A Self-organizing Deep Auto-Encoder approach for Classification of Complex Diseases using SNP Genomics Data

https://doi.org/10.1016/j.asoc.2020.106718Get rights and content

Highlights

  • Self-Organizing Deep Auto-Encoders are designed for classifying complex diseases based on SNP genomics data.

  • Self-Organizing Deep Auto-Encoder can construct its structure automatically.

  • It removes the need of trial and error for discovering the network structure.

  • It decreases the time spent and the computational burden in the training and operation phase.

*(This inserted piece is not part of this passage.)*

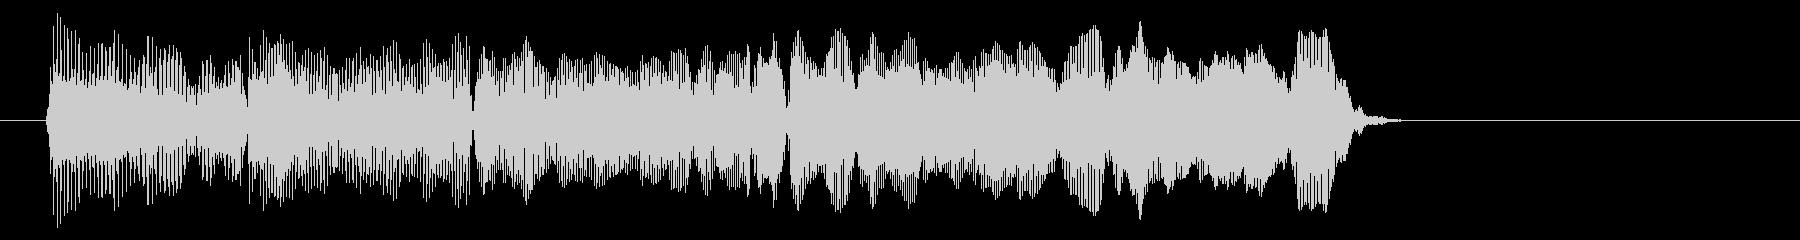 8bitパワーup-01-3_dryの未再生の波形
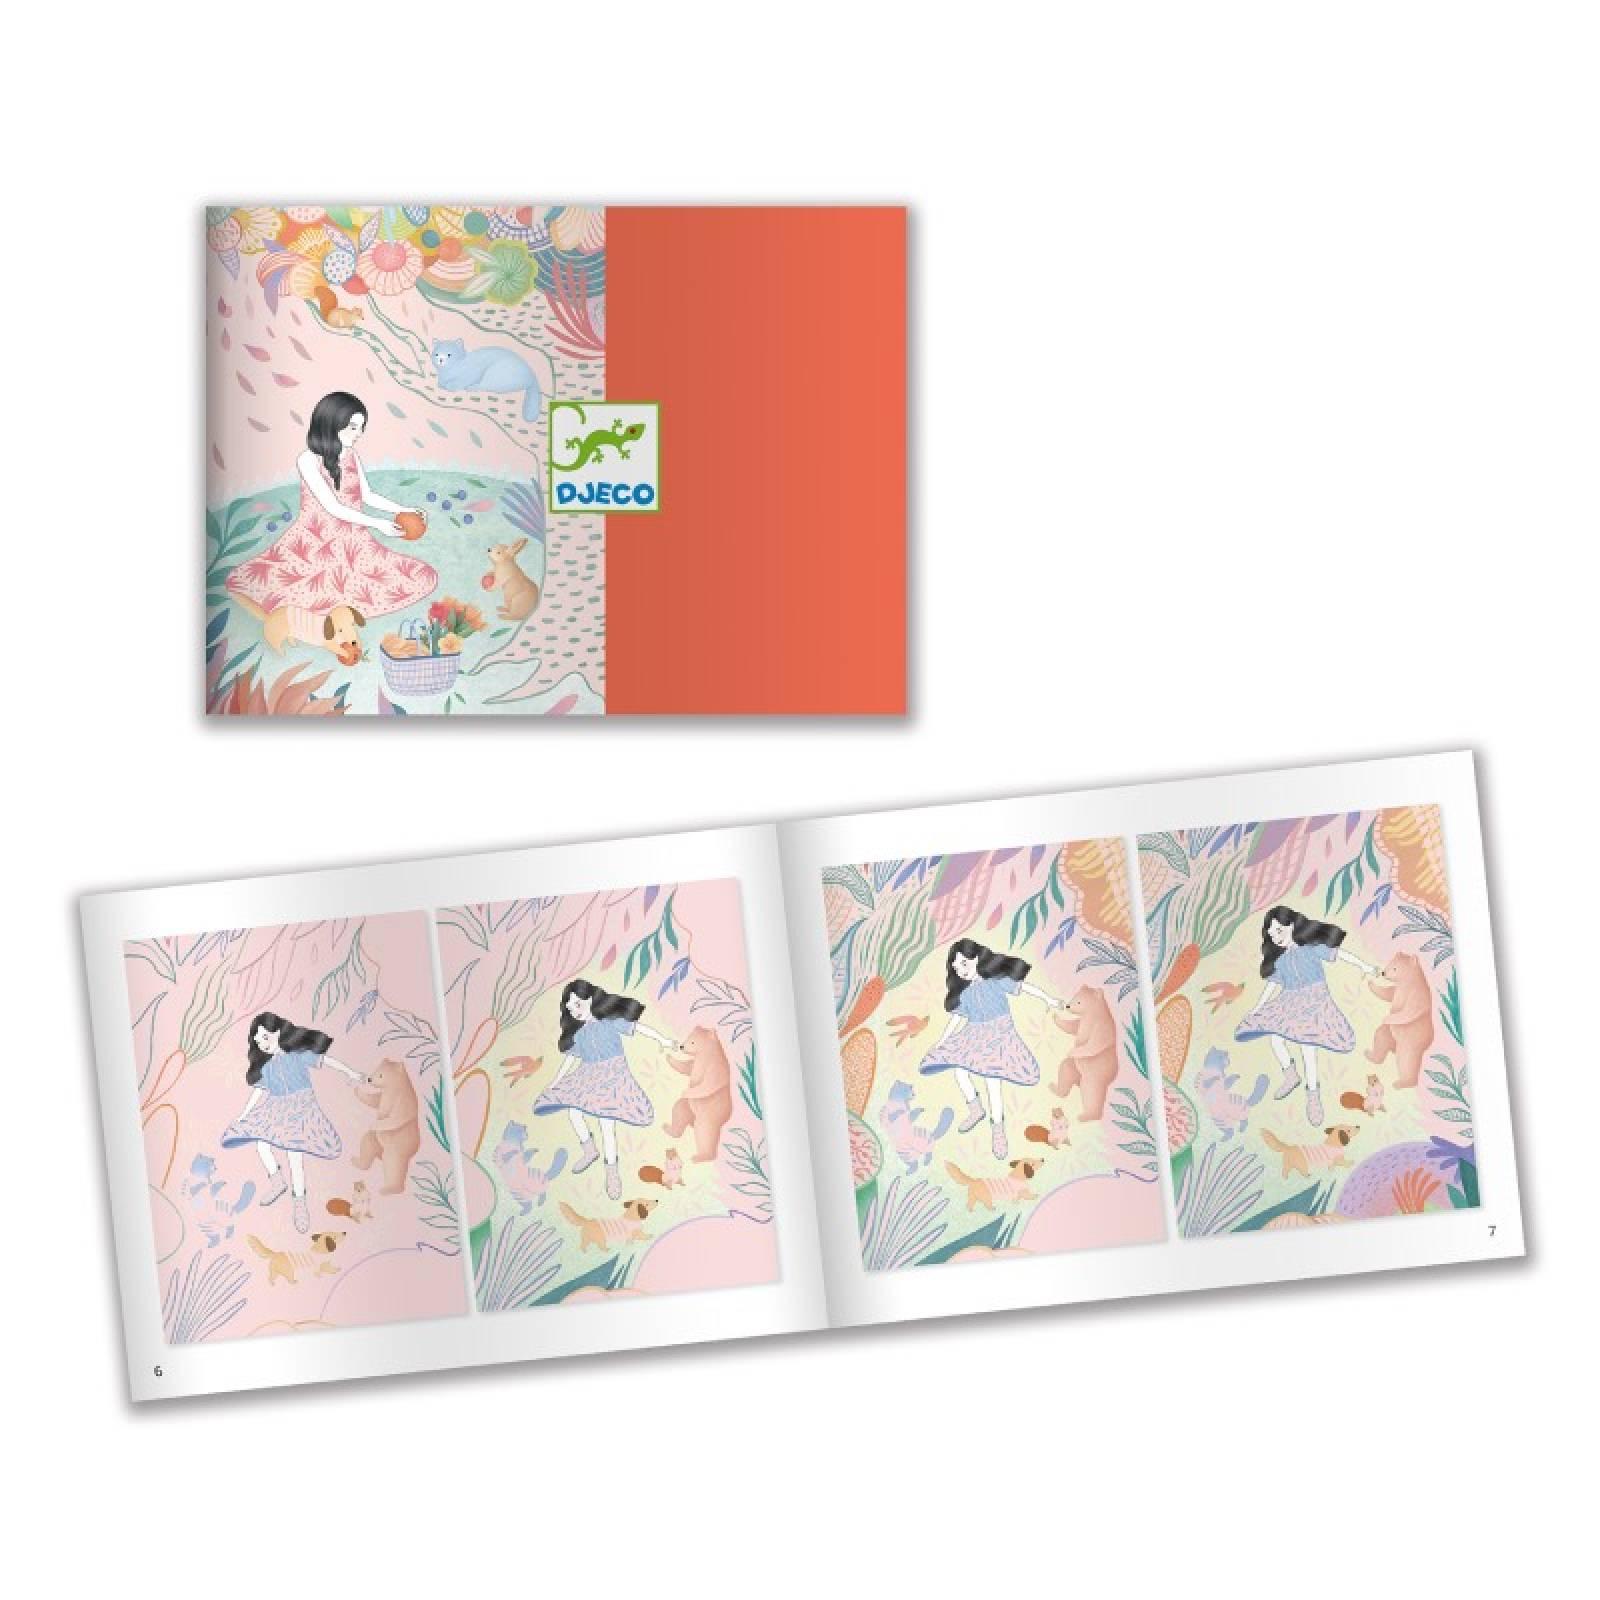 The Picnic - Scratch Art Cards 7+ thumbnails

  • The proposed algorithm has achieved better accuracy and F-score than existing algorithms.

Abstract

Recently, many Machine Learning algorithms have been utilized to identify significant Single Nucleotide Polymorphisms (SNPs) in various human diseases. However, some principal obstacles are challenging in the field of SNP detection and healthy-patient classification. The curse of dimensionality is the main challenge. On the other hand, the number of samples is decidedly smaller than the number of SNPs. In addition, the number of healthy and patient samples can be unequal. These challenges make the feature selection and classification very difficult. The main goal of the current study is the combination of the various algorithms to find out the most effective way of SNP data analysis. Therefore, an efficient method is proposed to identify significant SNPs and classify healthy and patient samples. In this regard, firstly, the Mean Encoding, as an intelligent method, is utilized to convert the nominal SNP data to numeric. Then a two-step filter method is used for feature selection, which removes the irrelevant and redundant features. Finally, the proposed deep auto-encoder is employed to classify so that it can construct its structure based on input data, automatically. To evaluate, we apply the proposed approach to five different SNP datasets, including thyroid cancer, mental retardation, breast cancer, colorectal cancer, and autism, which obtained from the Gene Expression Omnibus (GEO) dataset. The proposed method has succeeded in feature selection and classification so that it can classify healthy and patient samples based on selected features in thyroid cancer, mental retardation, breast cancer, colorectal cancer, and autism with 100%, 94.4%, 100%, 96%, and 99.1% accuracy, respectively. The results indicate that it has succeeded with high efficiency, compared with other published works.

Introduction

Deoxyribonucleic acid (DNA) is the building block of the human genome. There are approximately three billion base pairs in the double helix of DNA. More than 99% of them are the same among all populations, and less than 1% differ among individuals. The majority of DNA changes happen as Single Nucleotide Polymorphisms (SNPs). Studies have shown that SNPs can be very significant in association with complex diseases.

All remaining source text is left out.